#### DATA FOR PROCESSING
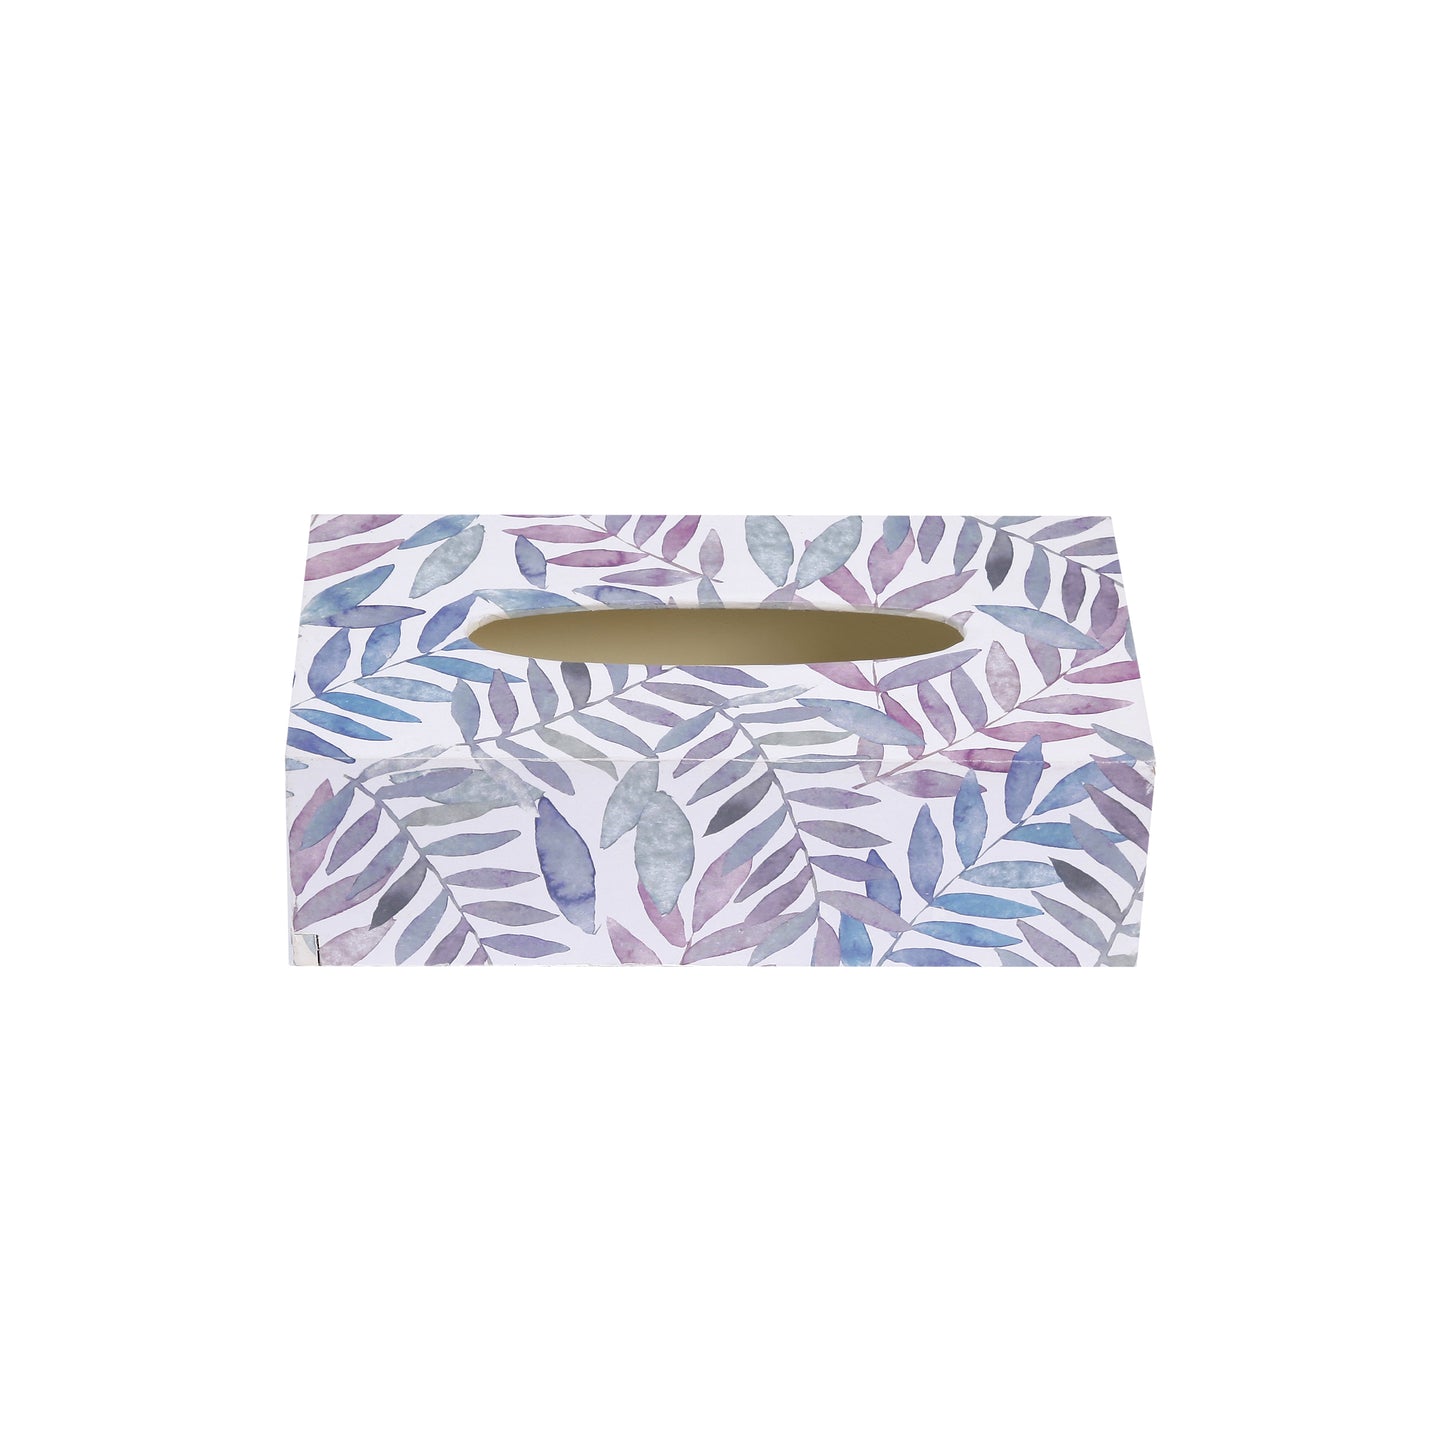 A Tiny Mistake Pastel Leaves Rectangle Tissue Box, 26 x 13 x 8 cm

--

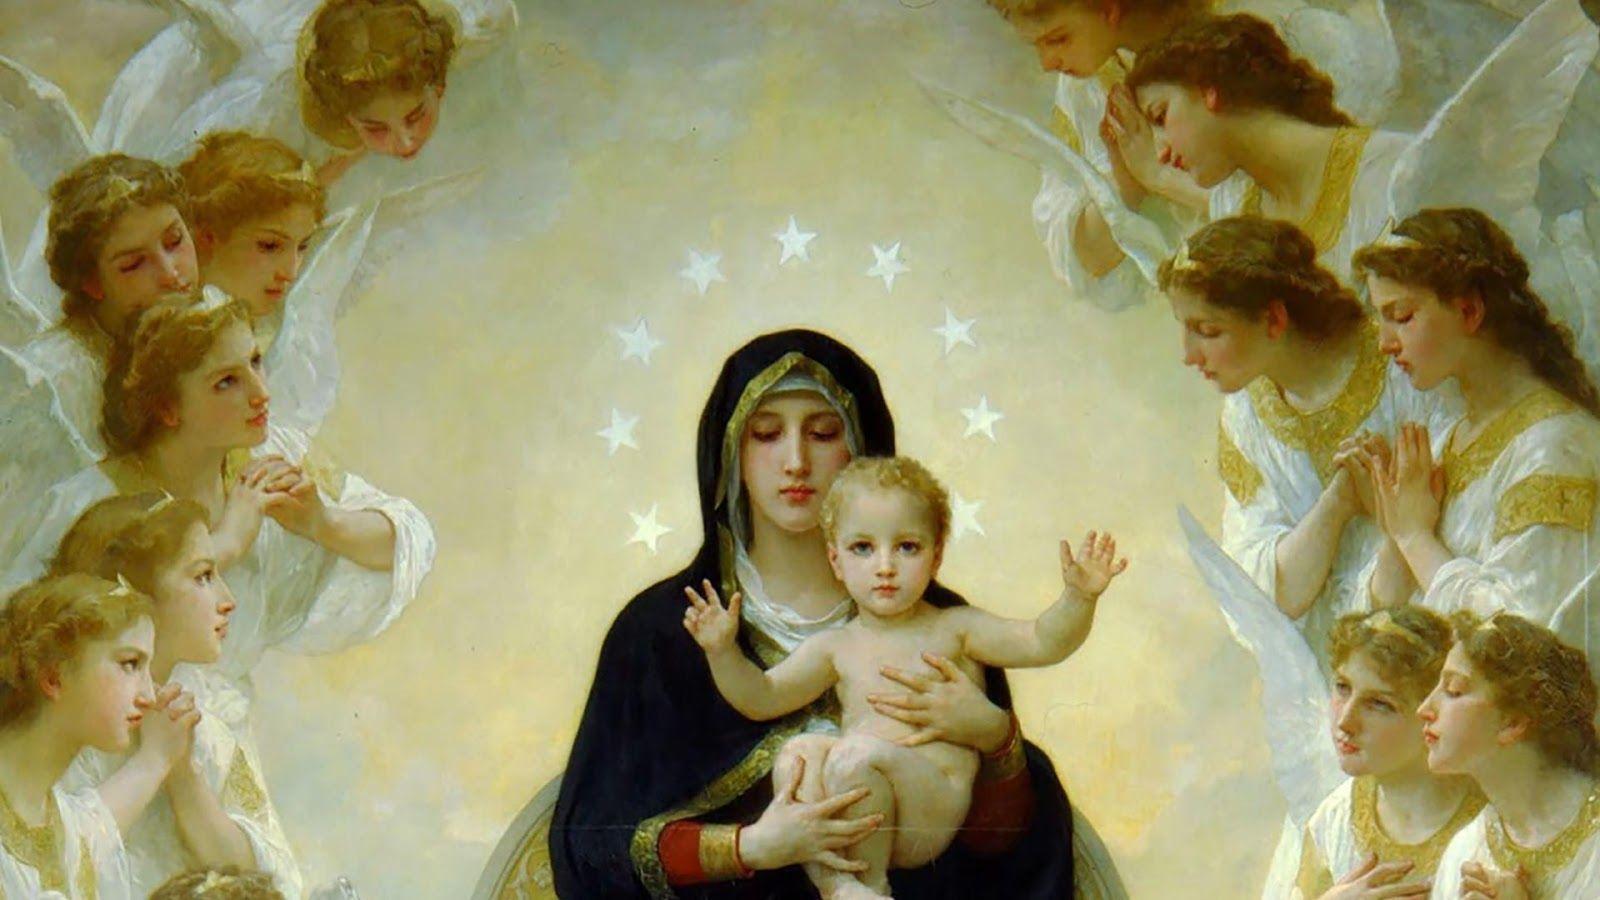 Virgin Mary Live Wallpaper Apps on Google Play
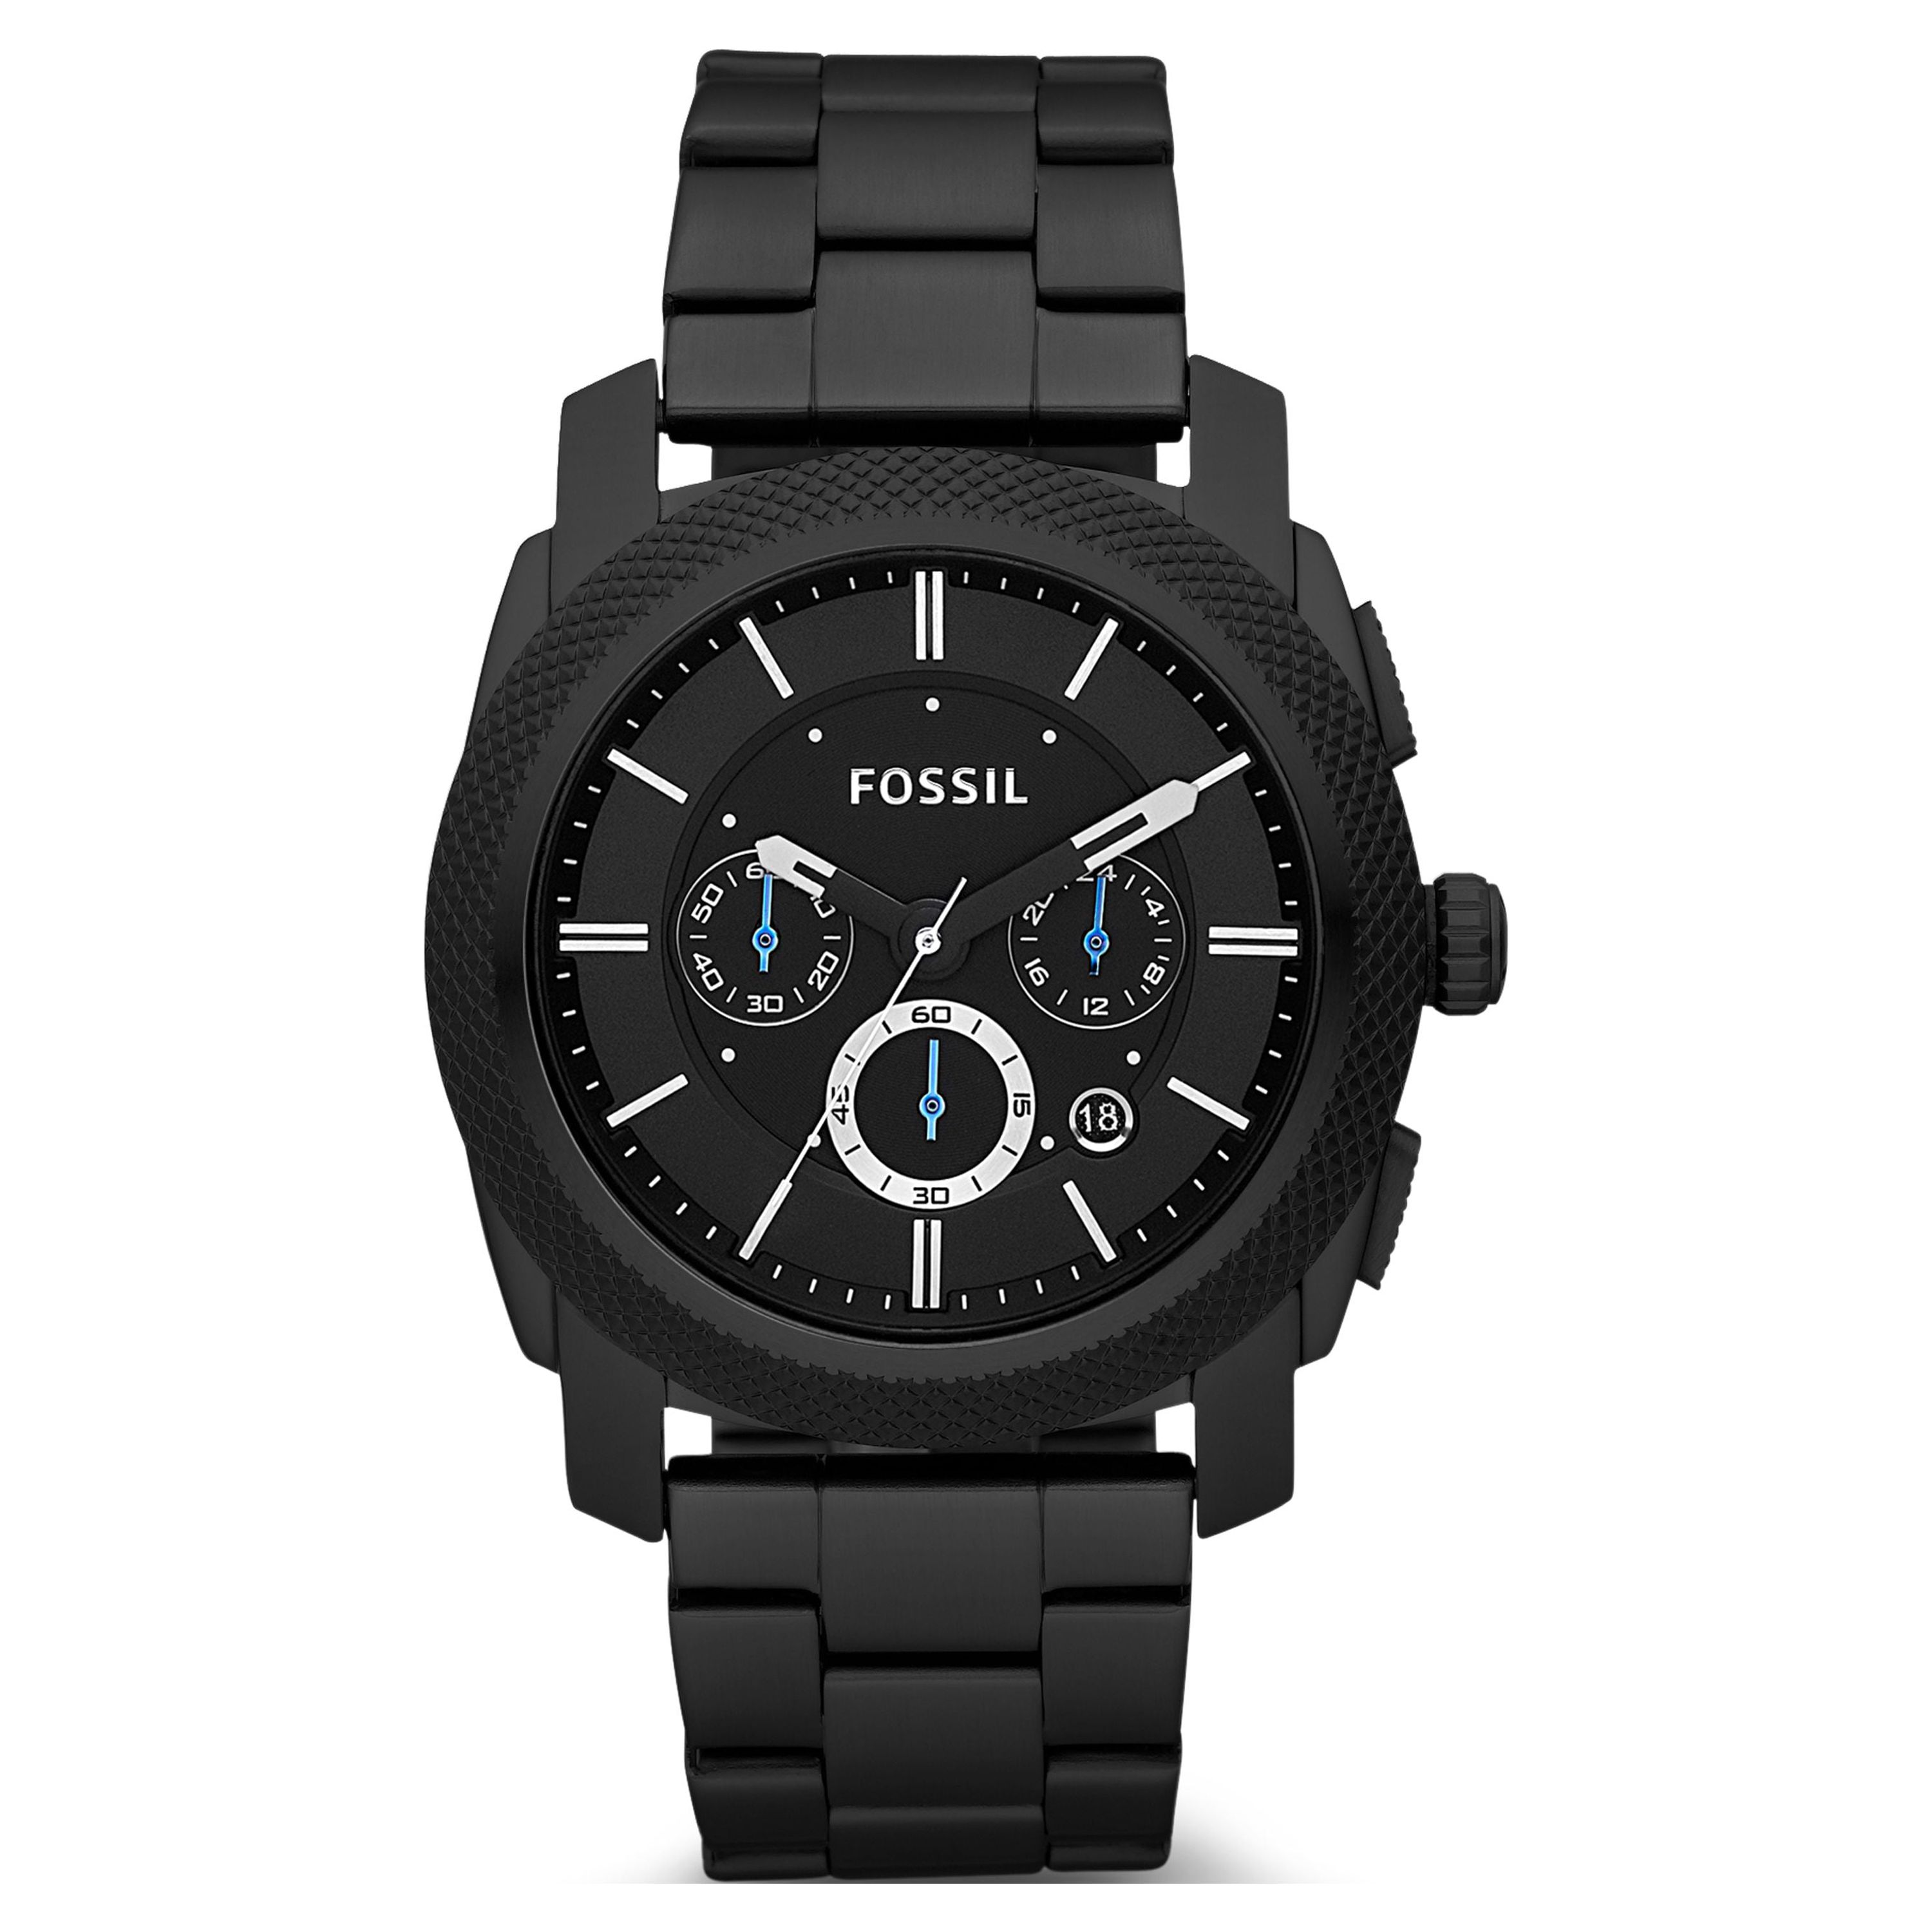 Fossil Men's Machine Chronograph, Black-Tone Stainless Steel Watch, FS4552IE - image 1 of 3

#### TASK REQUIREMENTS
Reproduce the listing above exactly from the line containing "Virgin Mary Live" up to and including the line containing "Fossil Men's Machine", omitting any images and everything outside those lines.

#### EXERCISE RESPONSE
 Virgin Mary Live Wallpaper Apps on Google Play
 Fossil Men's Machine Chronograph, Black-Tone Stainless Steel Watch, FS4552IE - image 1 of 3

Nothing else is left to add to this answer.